Vidu Reference
Provided by Fal — Learn More
Vidu Reference is a video generation model that enables seamless interaction between multiple subjects, including characters, props, objects, and environments in the same scene. This model is ideal for creating videos with complex scenes and multiple characters, where characters interact naturally within the same scene. Vidu supports feature fusion, allowing elements from different subjects—such as the front of Character A and the back of Character B—to merge seamlessly into a new character or object.
Vidu
Vidu is a state-of-the-art video generation model for producing high-fidelity videos with cinematic transitions, and consistent characters from simple text or image prompts. Leveraging advanced semantic understanding, Vidu delivers smooth, coherent motion and studio-quality results, particularly excelling at anime and manga video generation.
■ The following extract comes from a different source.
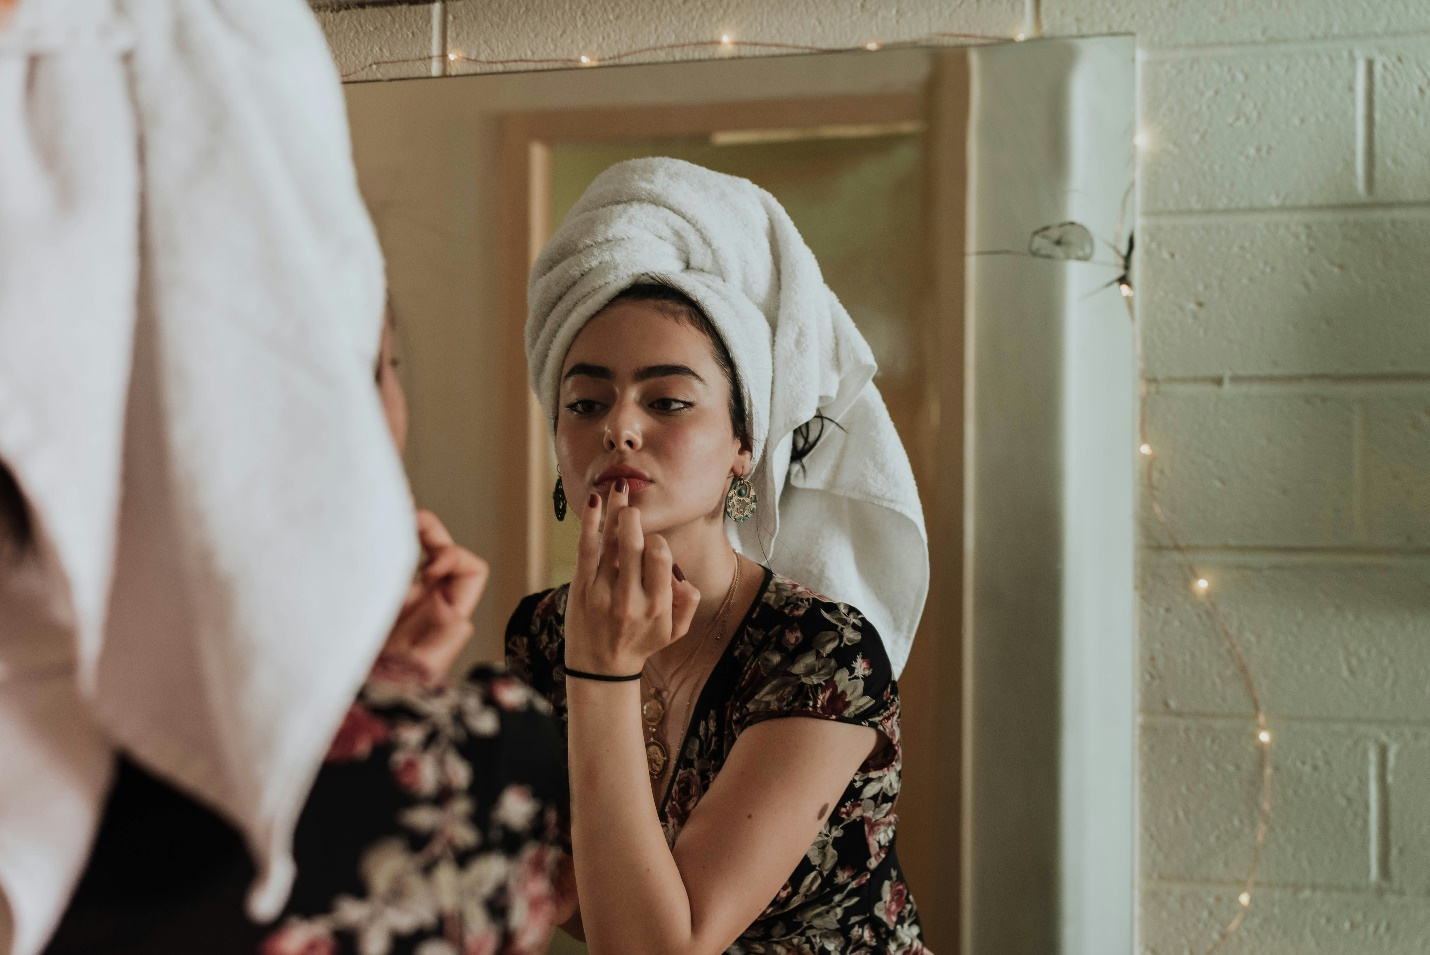 A woman wearing a black floral print top with a white towel on her head looks at her reflection in the mirror, using her ring finger to dab color onto her lips, with a white brick wall adorned with fairy lights visible around the mirror, highlighting the allure of high-quality skincare products for healthy skin.

The Q2 variant emphasizes subtle facial expressions, believable micro-acting (blinks, eye movements, lip sync), and smooth camera grammar with stable push-ins, pull-backs, and tracking shots. Q2 offers faster, more predictable generation with up to 8 seconds clip lengths, first-frame control, and adjustable resolution. It excels at character-driven shorts, product reveals, and stylized motion with improved expression fidelity, camera stability, and prompt adherence compared to Q1.
Wan-2.1
Wan-2.1 is an advanced and powerful visual generation model developed by Tongyi Lab. It can generate videos based on text, images and other control signals. Wan-2.1 excels at generating realistic videos featuring extensive body movements, complex rotations, dynamic scene transitions, and fluid camera motions, and can accurately simulate real-world physics and realistic object interactions, while offering movie-like visuals with rich textures and a variety of stylized effects. It can also create text and dynamic text effects in videos directly from text prompts.